The Astor dates to 1863 and has housed guests like modern China founder Sun Yat-sen, “Last Emperor” Pu Yi and U.S. President Ulysses Grant as well as, simultaneously, the consulates of Canada, Germany, Japan and the United States. Oh, and the “girl in the wall”. More on her below.
Many of the Astor’s rooms feature plaques that explain who slept there. One of my favorites concerns a fellow Canuck:
Aloha Wanderwell: A Canadian born adventurer who ran away from a convent in France. Although her real name was Galcia Hall, she was dubbed “Aloha” because of her lively personality, by her husband, Walter Wanderwell. She is famous for being the first woman to drive around the world. During her tour in China, she stated at The Astor Hotel, one of her official sponsors.
The visit is recorded on the Aloha Wanderwell website:
Founded by pastor John Innocent by the Hai River in the former British Concession, the Astor started as a one-story structure before renovations tripled its height in 1886. A hotel time-line states it was the first Tianjin establishment with running water (in 1899, the year then-businessman and future U.S. president Herbert Hoover moved in), thermostat heating (1905) and, during more renovations, an OTIS elevator (1924).

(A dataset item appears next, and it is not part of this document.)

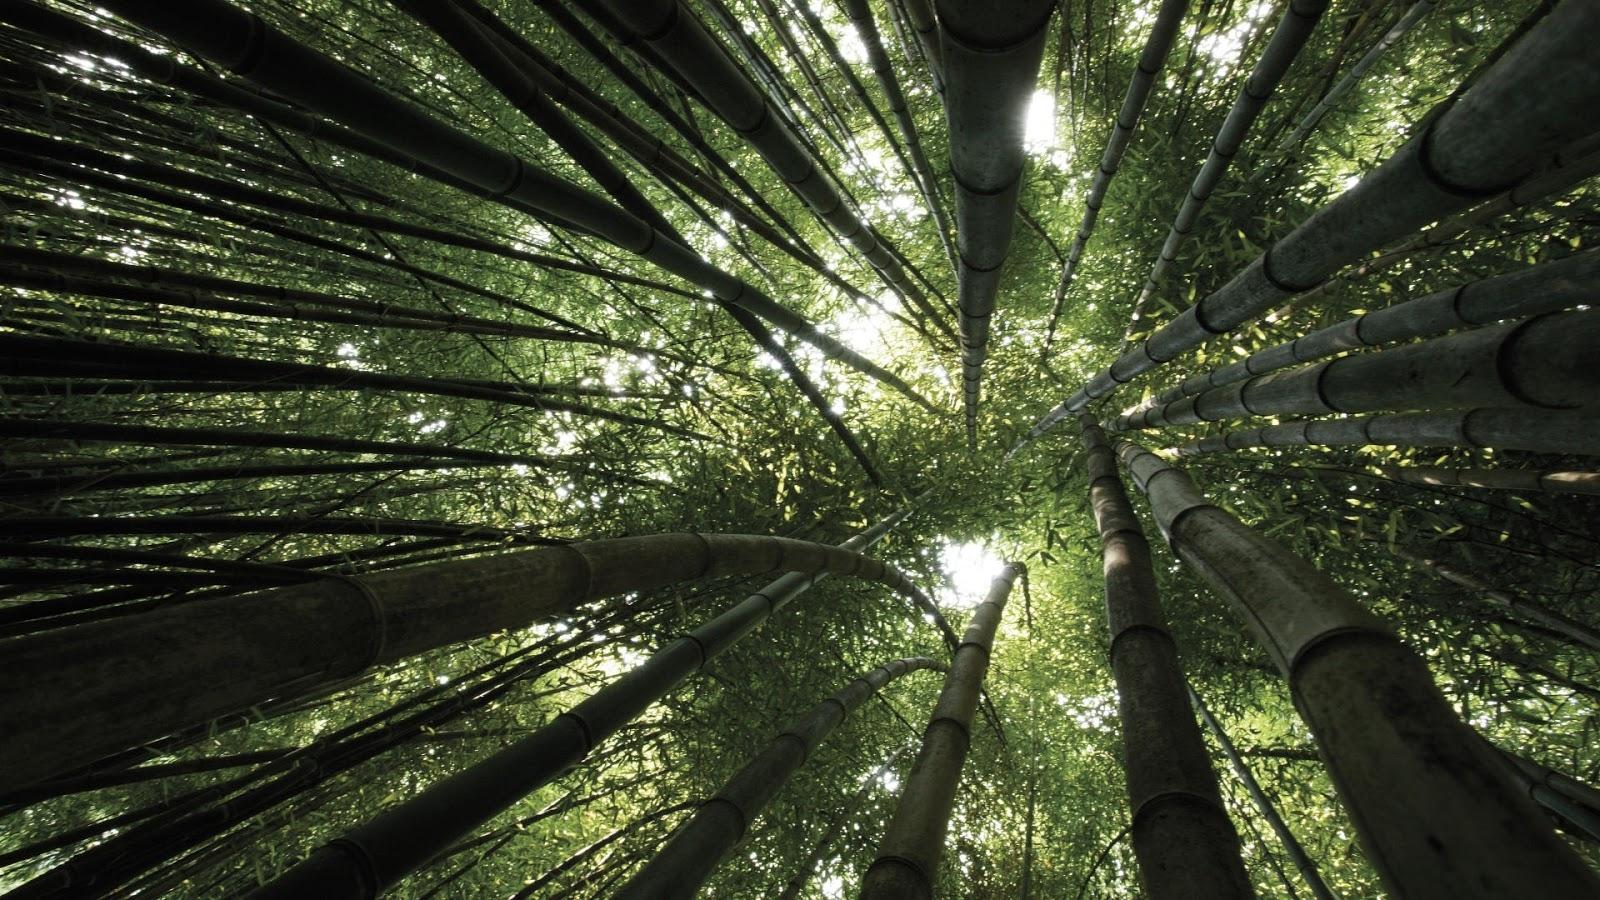 http://3.bp.blogspot.com/-uhe4JniGQHc/T46BTsJn4-I/AAAAAAAADQk/1QydfQD0m_c/s1600/bamboo-forest-canopy-windows-8-wallpaper-1920x1080.jpg

The Japanese army grabbed the Astor in 1941 and put the hotel’s British shareholders in a concentration camp. They were eventually freed—the hotel bar O’Hara’s is named after one of them. When the Red Army took control of Tianjin in 1949, the victory party was held at the Astor. The hotel would see many changes over the years, such as an eight-story addition in 1987 and a national cultural heritage site listing in 1996.
The Astor became increasingly seedy until major renovations a half-dozen years ago returned the mojo both to the older “heritage” section, where rooms feature high ceilings and four-poster beds, and the newer one facing the Hai River.
Winchell, who heads Tianjin’s American Chamber of Commerce and has sent many guests Astor’s way over the years, gave us a tour of the hotel’s basement. Once the site of much drinking and depravity, it is now home to a museum.
We looked through an account book with a century-plus of entries, photos of the who’s who that stayed at the hotel (my favorite is Ulysses Grant and Li Hongzhang, one of China’s more intriguing characters) and menus, complete with wine pairings, from bygone eras.
We also checked out more suites that housed famous guests, including one that today serves as a prayer room for Buddhists. States the hotel, “in 1954, a Tibetan committee, including the Living Buddha Apei Awangjinmei, stayed at The Astor Hotel and a special room was organized where the 10th Banchan chanted the Buddhist Sutra.”
As we walked the halls with Winchell and a hotel guide, someone asked about rumors the place was haunted.
Who really knows, said the guide. Then added: In this very hallway, a family took a similar tour a few years ago and the daughter, lingering behind, suddenly asked, “Mommy, who’s that girl?”
The parents turned, saw no one besides their child, and said, “Darling, what ever are you talking about?”
“There,” she replied and pointed a finger sideways. “The girl in the wall. She’s waving at me.”
Yikes. Maybe best to stay on another floor! Or just stick in O’Hara’s drinking martinis.